A new student note in the Texas Law Review critiques the standard of review for the collateral review of court-martial convictions. 

Clara Crenshaw, Habeas Review of Courts-Martial: Revisiting the Burns Standard, 99 Tex. L. Rev.

Abstract:

"The 1953 Supreme Court decision Burns v. Wilson, which articulated the standard of review for military habeas corpus petitions, has left the legal community unashamedly confused. While there was no majority opinion, the standard of review advanced by the plurality has largely been taken as the rule emanating from the Court. Accordingly, the test for determining if habeas review is appropriate is whether the military court has given “full and fair consideration” to the claims. Circuit courts of appeal have struggled ever since this decision to configure exactly what “full and fair consideration” means, resulting in many different approaches.

This Note argues that, based on historical analyses and legal developments, a modified version of the Fifth Circuit’s four-prong inquiry in Calley v. Callaway would be a satisfactory solution to the current confusion. This new standard would open the door to many more successful military habeas petitions, while at the same time protecting the distinctive nature of military law. It would do this by properly differentiating between military factual and legal determinations. Factual determinations would be brought in line with civilian habeas, while the military’s special policy needs would be considered in legal determinations. More importantly, however, it would provide a cohesive standard across jurisdictions. The strength of a military prisoner’s habeas petition should not be based upon where he or she is incarcerated."
1 Comment
Donald G Rehkopf
3/24/2021 03:22:34 pm

Burns, like the Japanese Internment cases, was not the Supreme's "finest hour." I've only skimmed this article, but since Steve Vladeck was involved, will at least preliminarily assume that the scholarship is his usual thorough analysis.
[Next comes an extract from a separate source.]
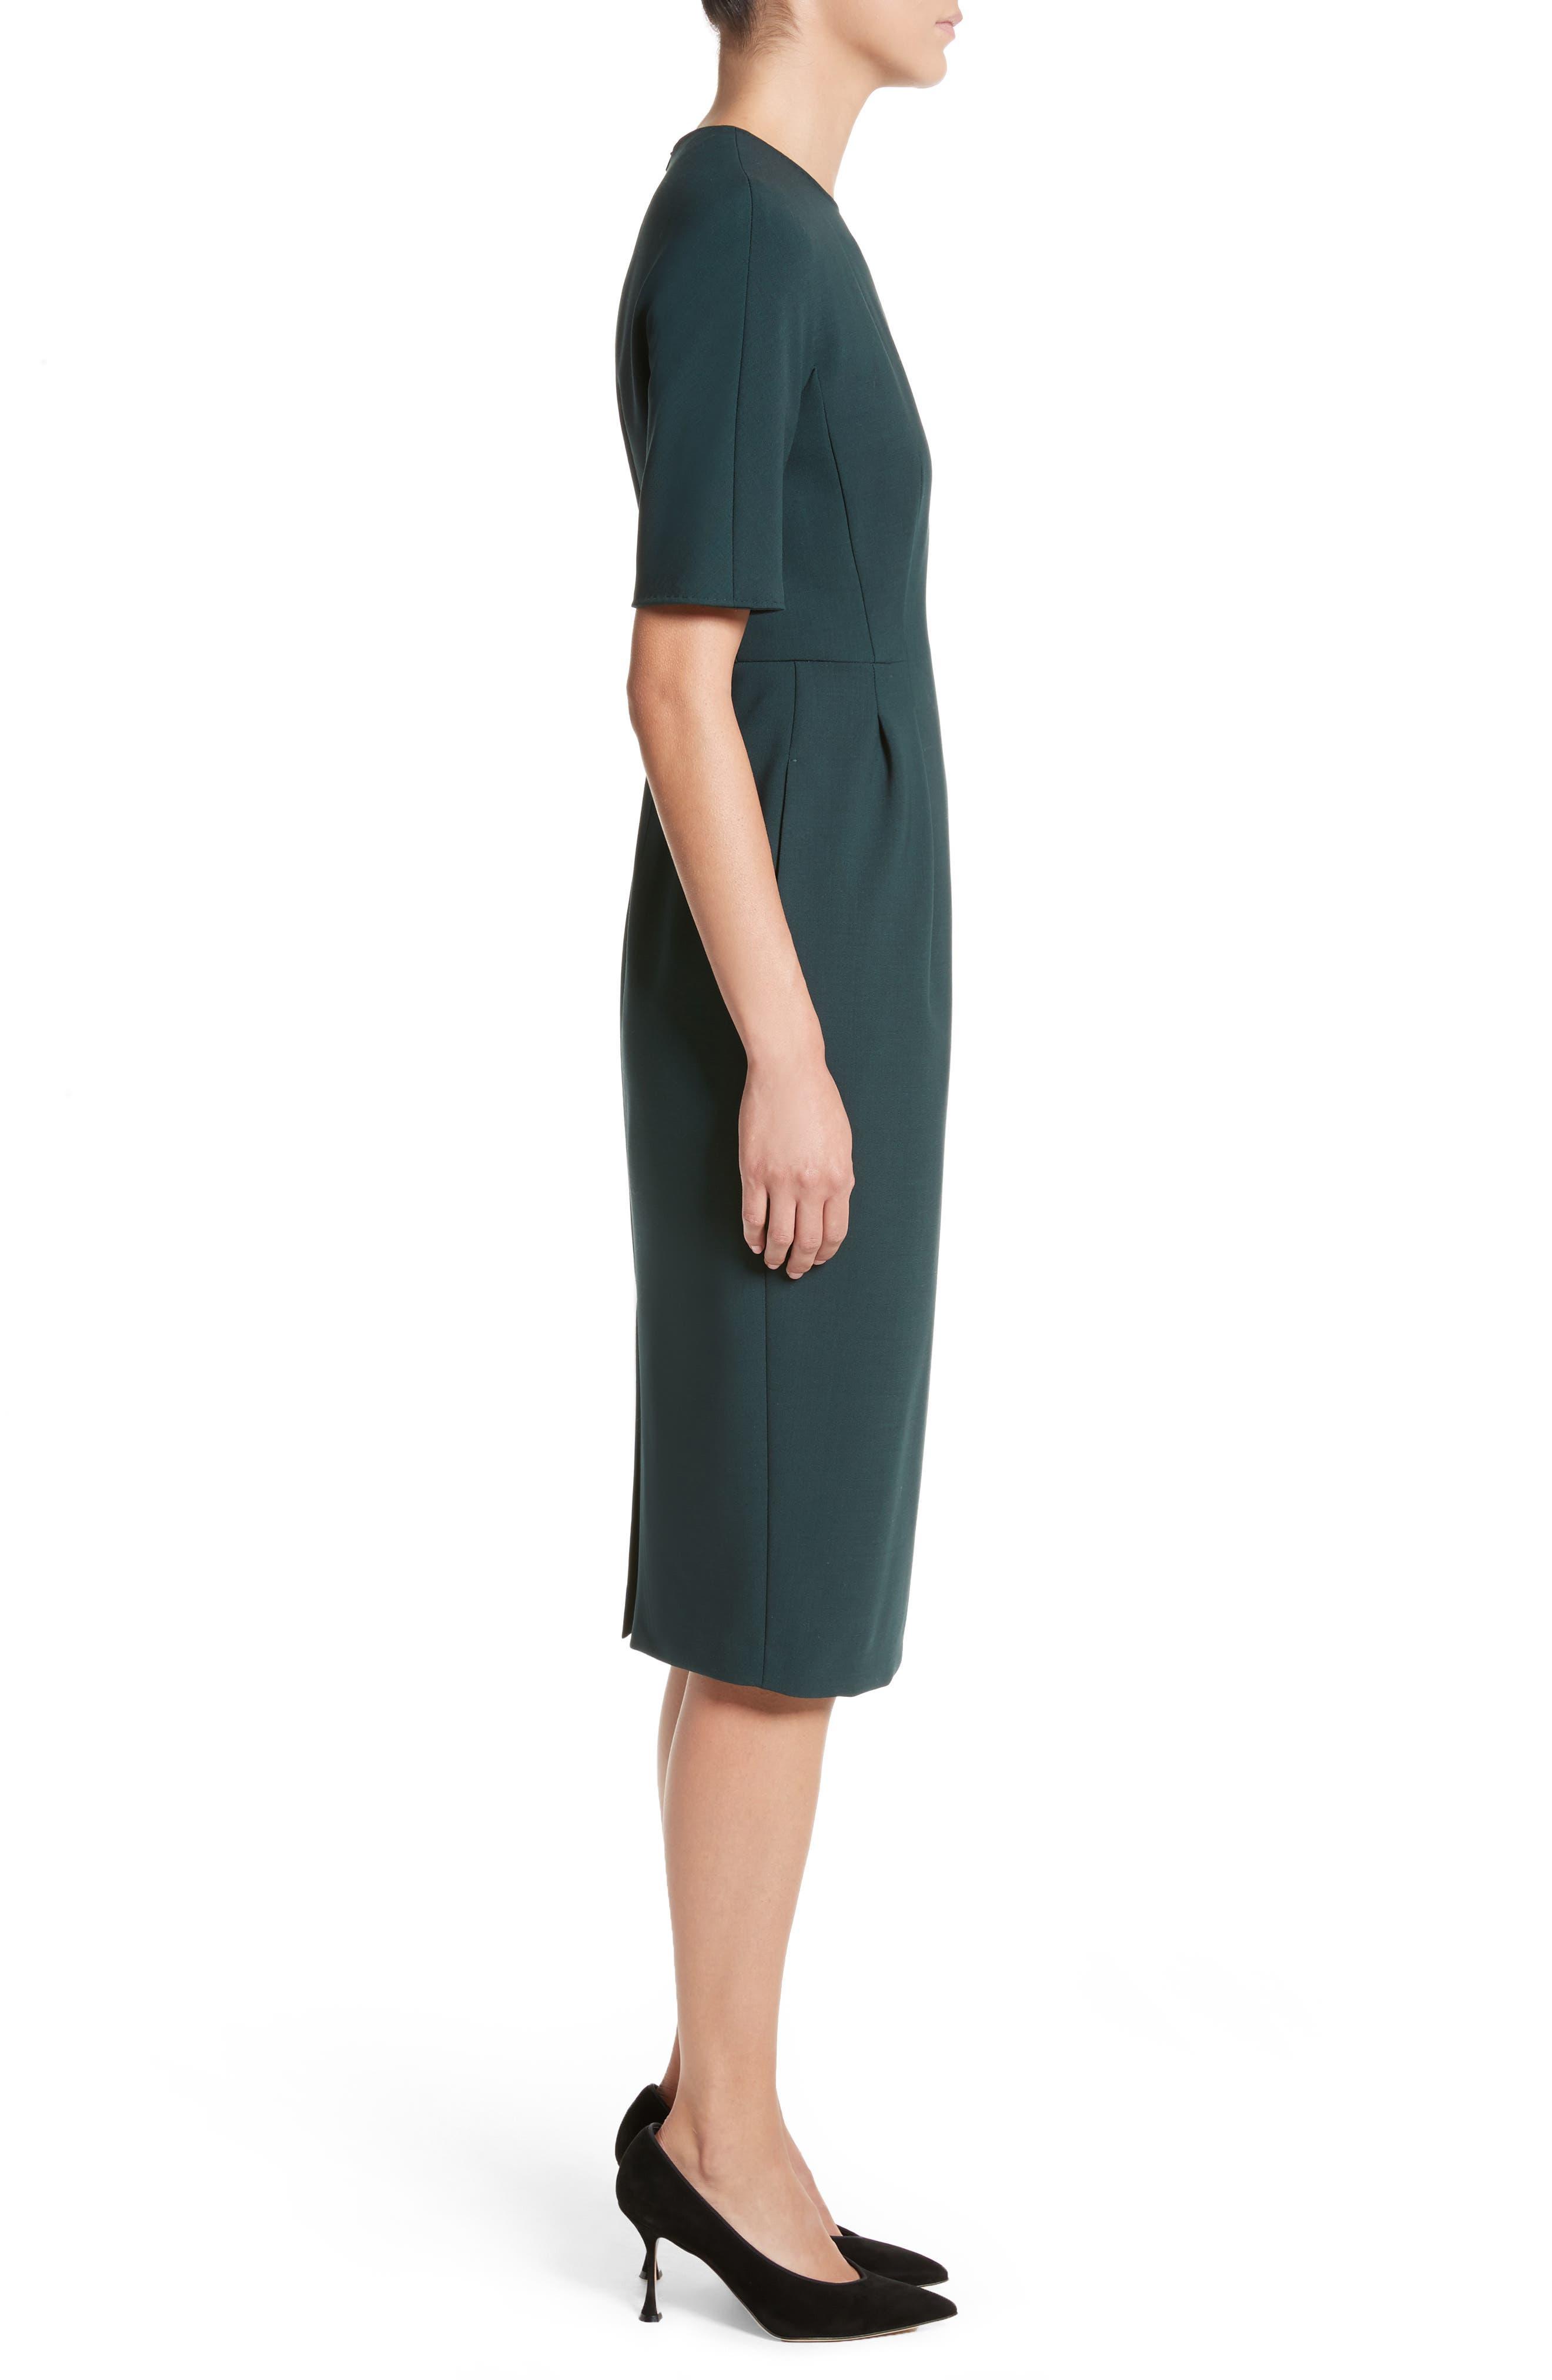 Umano Stretch Wool Sheath Dress,                             Alternate thumbnail 3, color,                             304

That said, I've studied Burns extensively over the past few years and can say with confidence that the decision has caused more issues than it ever resolved. Justice Frankfurter's initial separate "statement" points out that only one copy of the RoT was submitted to the Court and not all of the Justices [himself included] had had an opportunity to study it in detail. His second opinion, issued months later in conjunction with the Court's denial of the Petitioner's Motion for Reconsideration, is much more enlightening and enlightening jurisprudentially.

Many of the facts lie at or below the surface - the case was tried under the Articles of War, not the UCMJ, and as Frankfurter astutely pointed out, Congress had indeed spoken and spoken clearly when it enacted Art. 36, UCMJ, which expanded upon a similar provision in the AW, by mandating that military procedures and evidence be considered to the extent practicable, as in U.S. District Courts.

Race, albeit unspoken, played a significant role - the victim was white, the two Petitioner's were Black, and Black men killing and raping a white woman, stood little chance at the time of the court-martial of getting a fair trial in just about any US court, civilian or military.

Justice Frankfurter's second opinion, 346 U.S. 844 (1953), sets forth in details the many issues the case raised, but his caveat about "jurisdiction" has been ignored by Courts, counsel, and scholars:

"the assertion that ‘in military habeas corpus the inquiry, the scope of matters open for review, has always been more narrow than in civil cases' . . . is, I respectfully submit, demonstrably incorrect."

The great judge Bazelon, of the DC Circuit, sat on the Panel that heard Burns at the DC Circuit. Two things are important from that Court's decision: first, the Court gave plenary consideration (allegedly) to the numerous issues raised by the Petitioners-it didn't limit its review to solely that of jurisdiction, Second, Judge Bazelon's dissent is cogent and powerful, something that no doubt troubled Justice Frankfurter.